┌─ AVAILABLE DATA
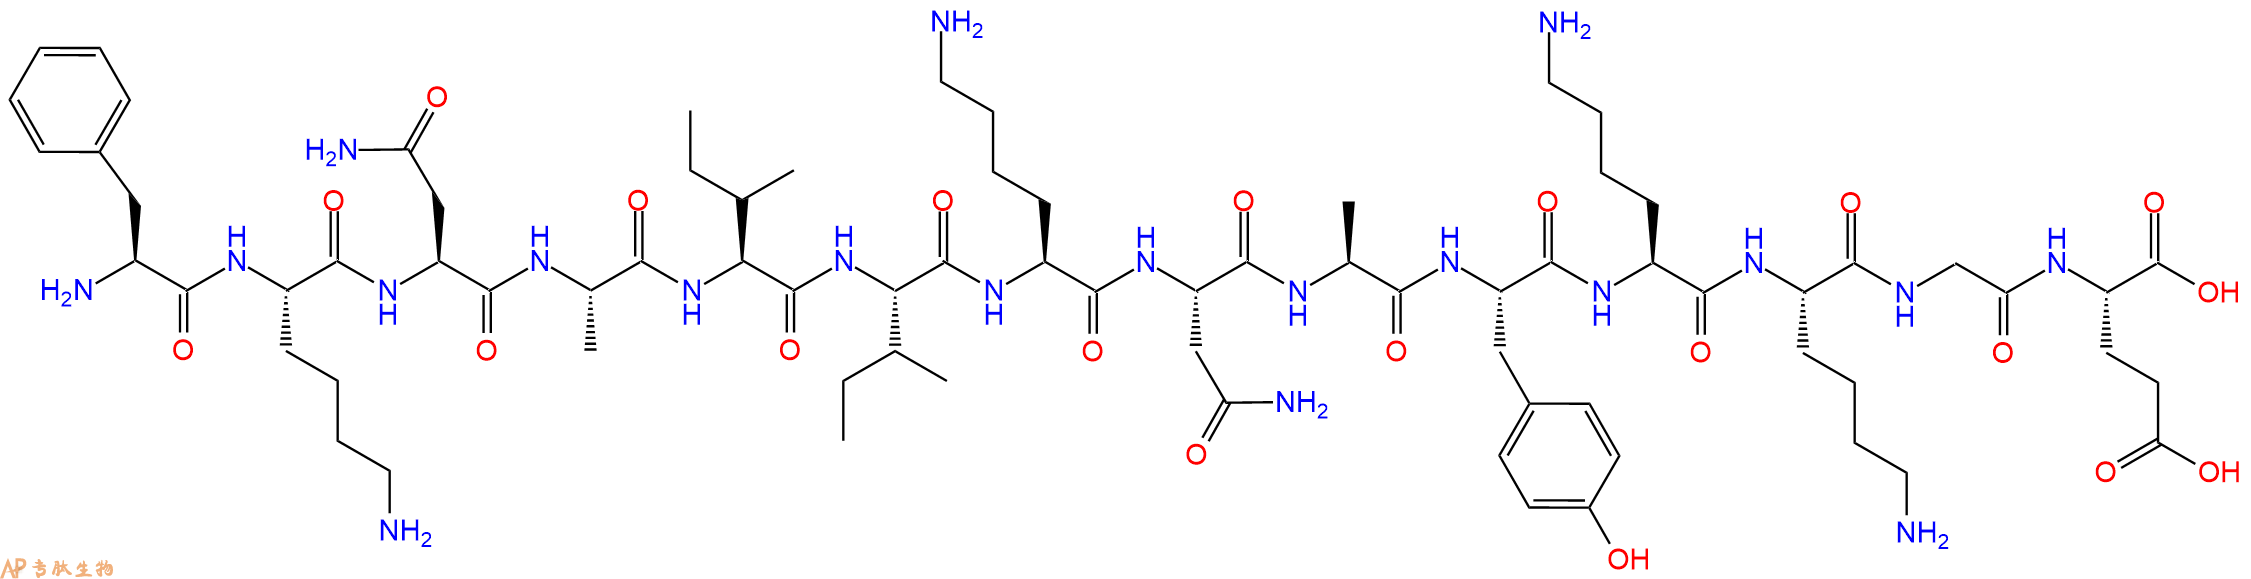 专肽生物产品β-Endorphin (18-31) (human)、β-Lipotropin (76-89) (human)74216-35-6
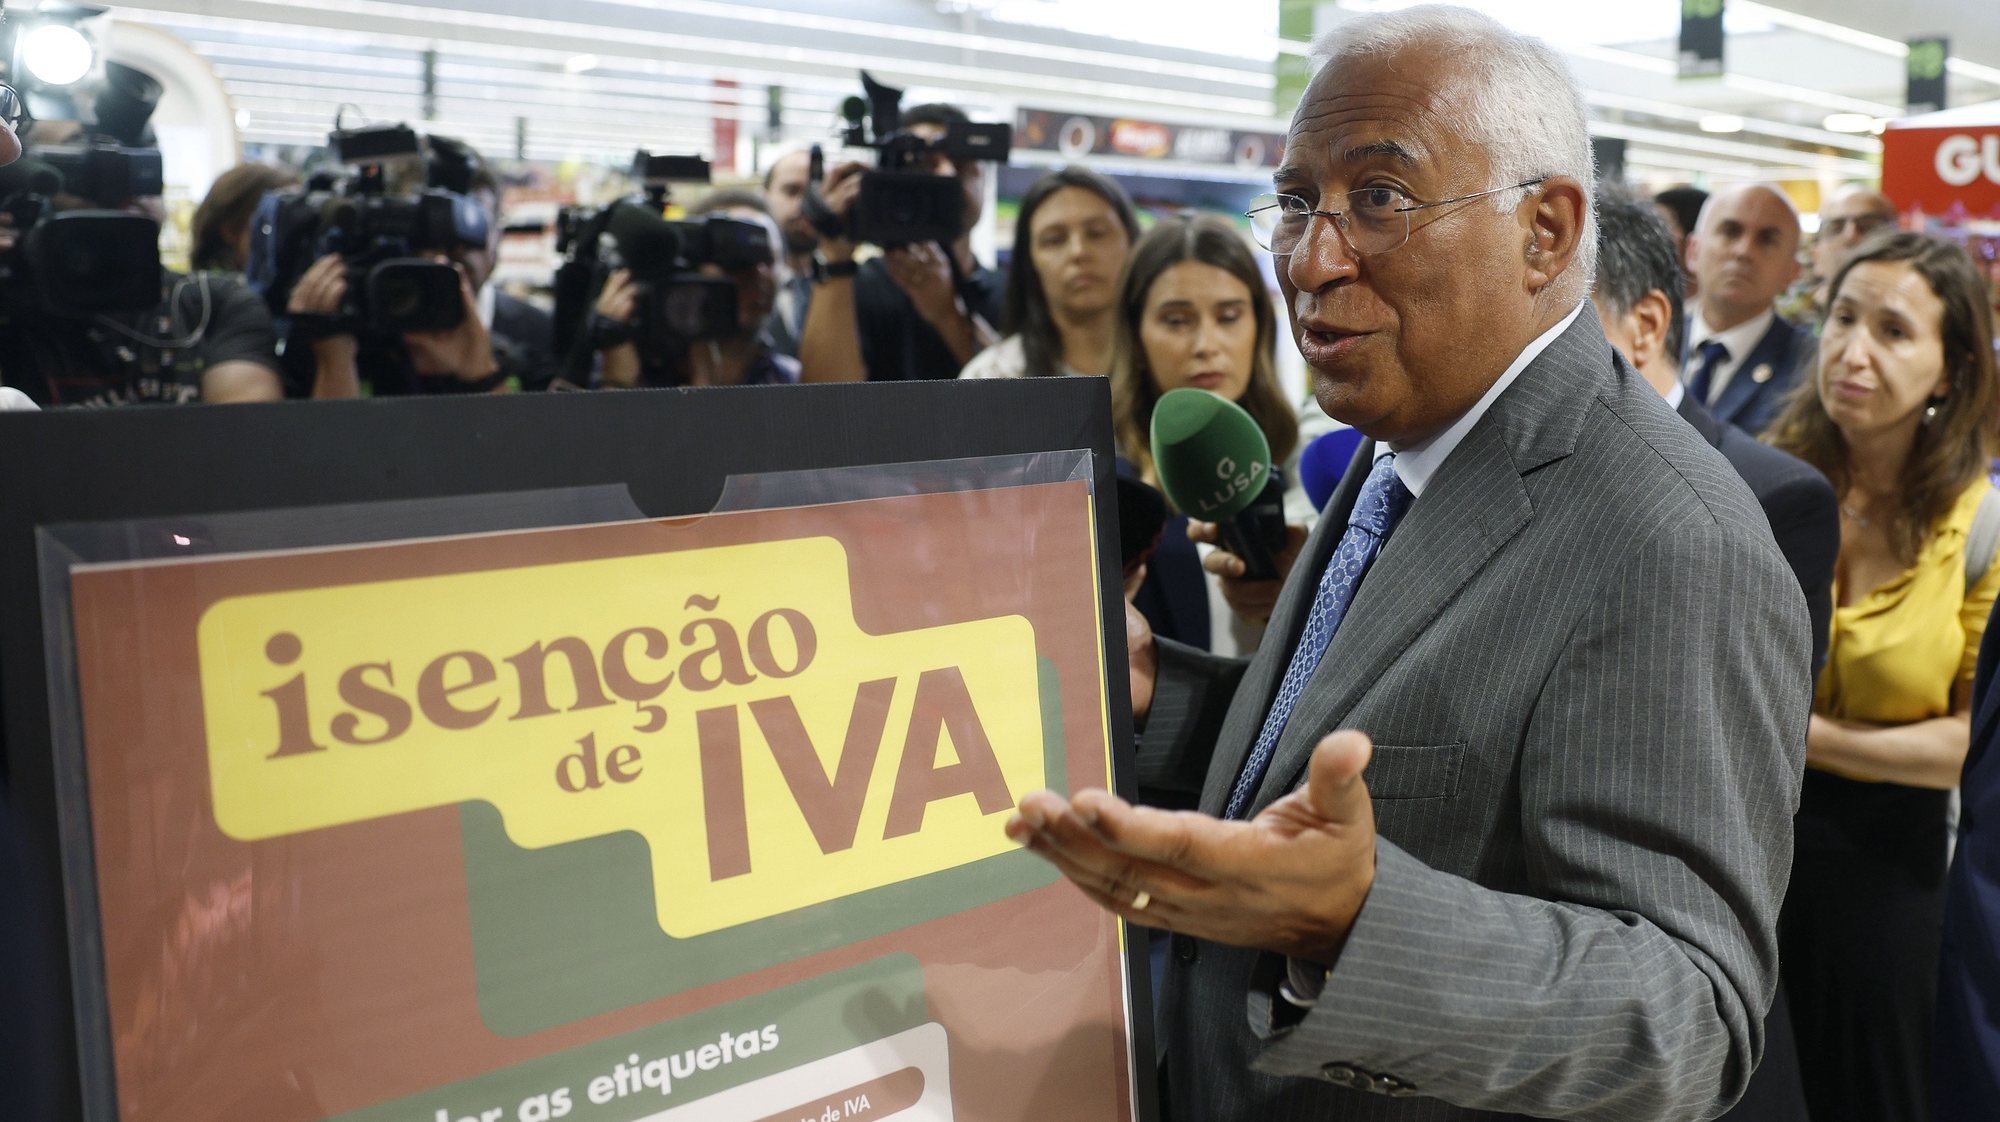 O primeiro-ministro, António Costa, durante uma visita a um hipermercado, no dia em que entra em vigor a lei que procede à aplicação transitória de isenção de IVA a certos produtos alimentares, em Lisboa, 18 de abril de 2023. ANTÓNIO PEDRO SANTOS/LUSA
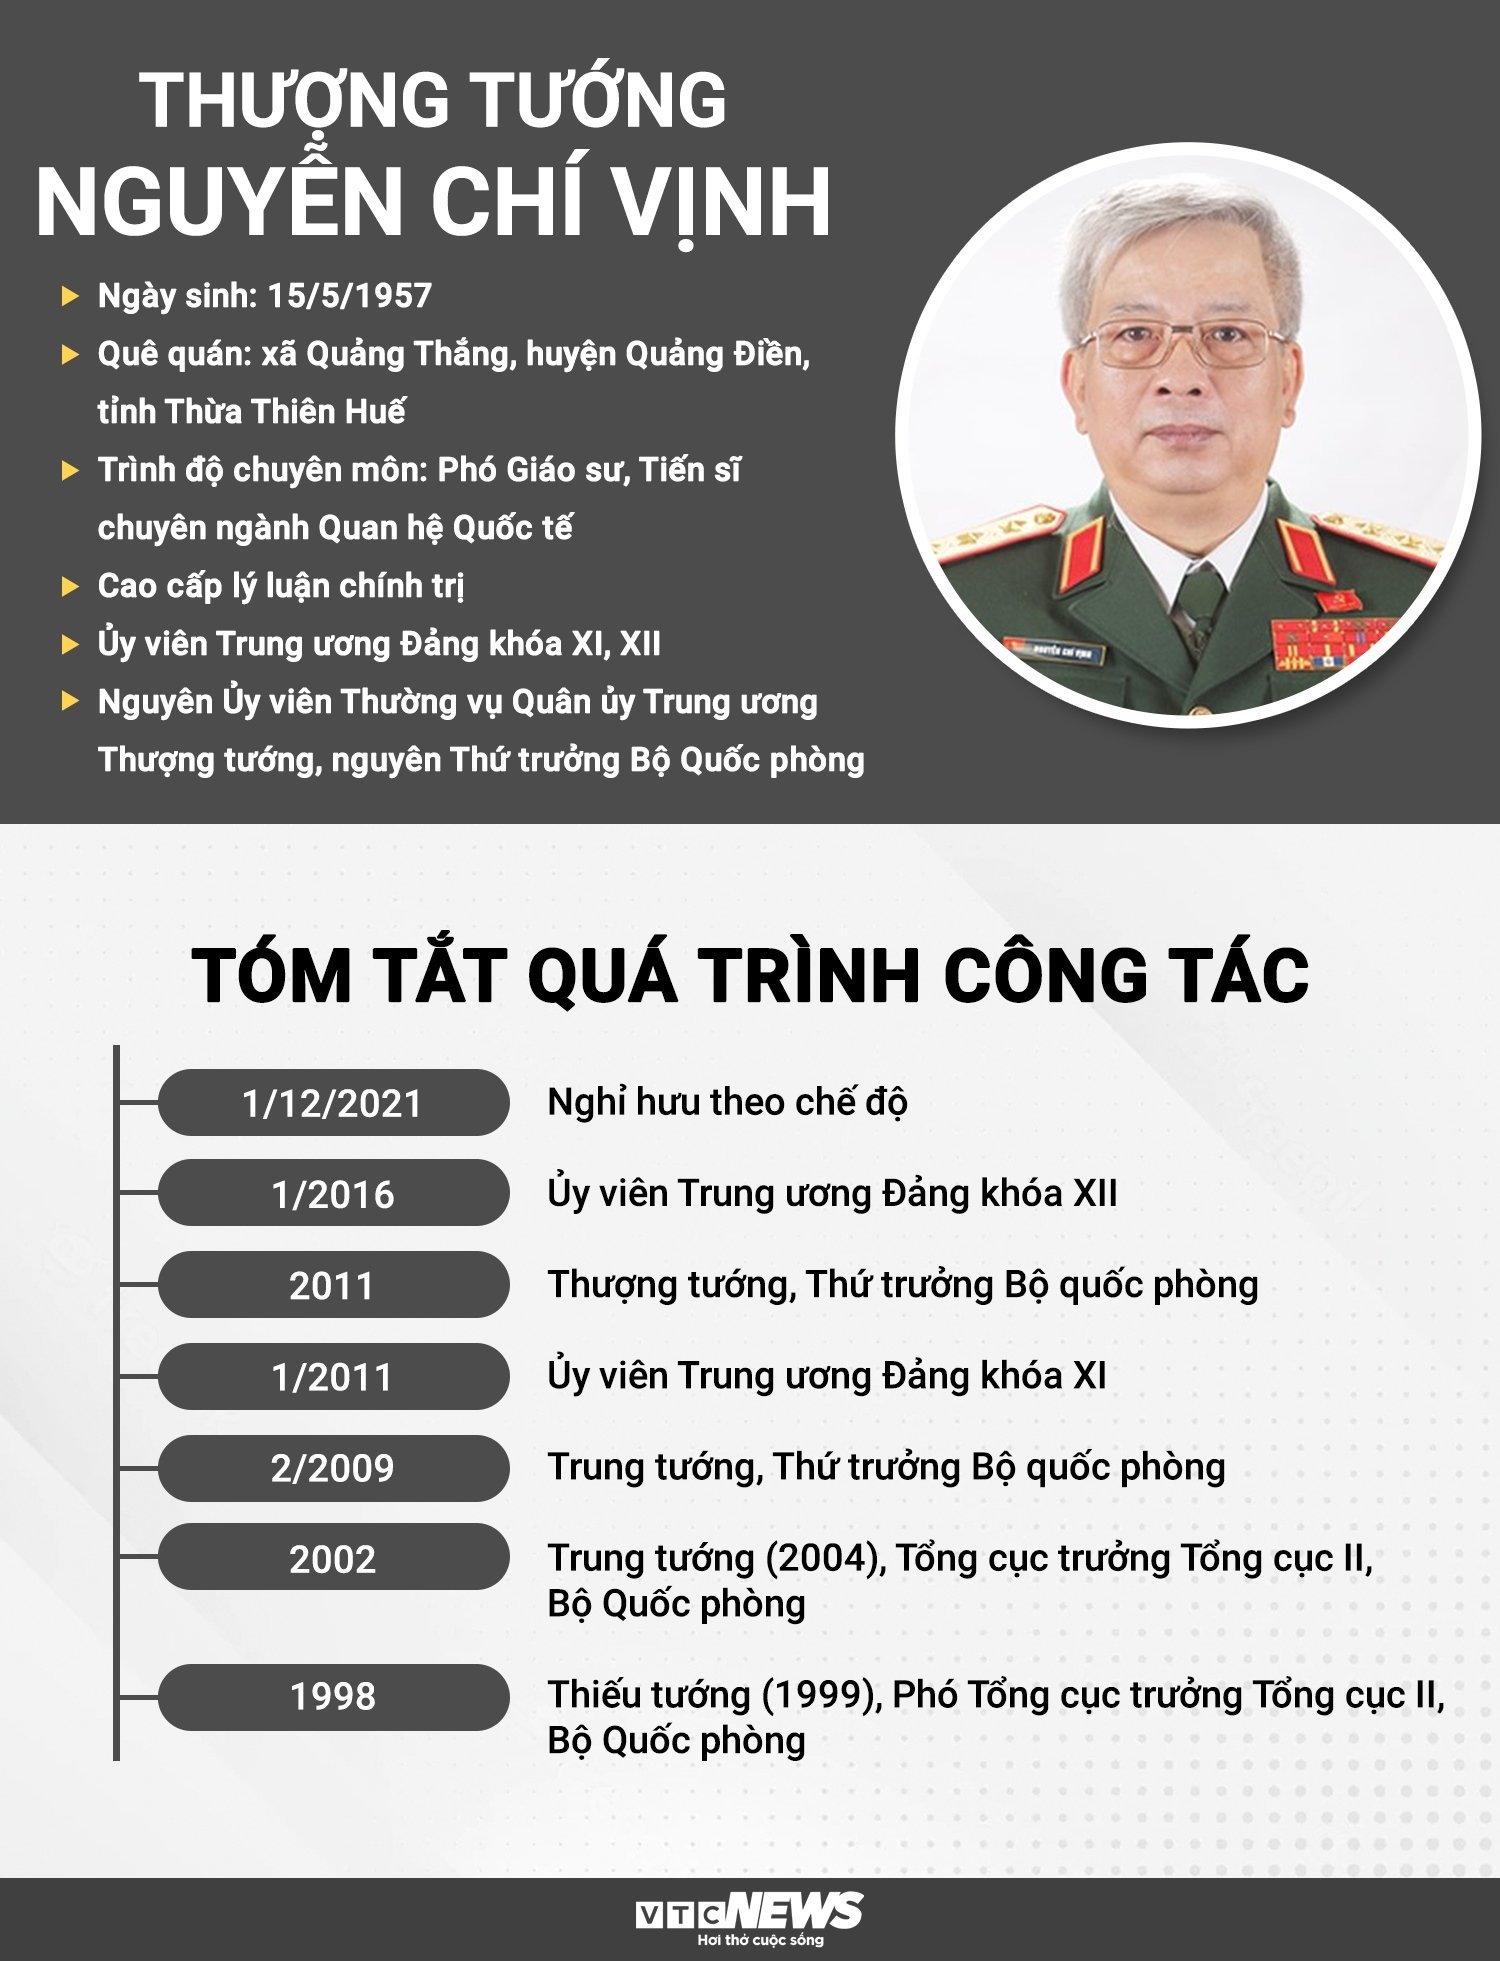 Sự nghiệp của Thượng tướng Nguyễn Chí Vịnh - Ảnh 1.
└─
Pictures stay out; the data above is to be returned exactly.

 专肽生物产品β-Endorphin (18-31) (human)、β-Lipotropin (76-89) (human)74216-35-6
 O primeiro-ministro, António Costa, durante uma visita a um hipermercado, no dia em que entra em vigor a lei que procede à aplicação transitória de isenção de IVA a certos produtos alimentares, em Lisboa, 18 de abril de 2023. ANTÓNIO PEDRO SANTOS/LUSA
 Sự nghiệp của Thượng tướng Nguyễn Chí Vịnh - Ảnh 1.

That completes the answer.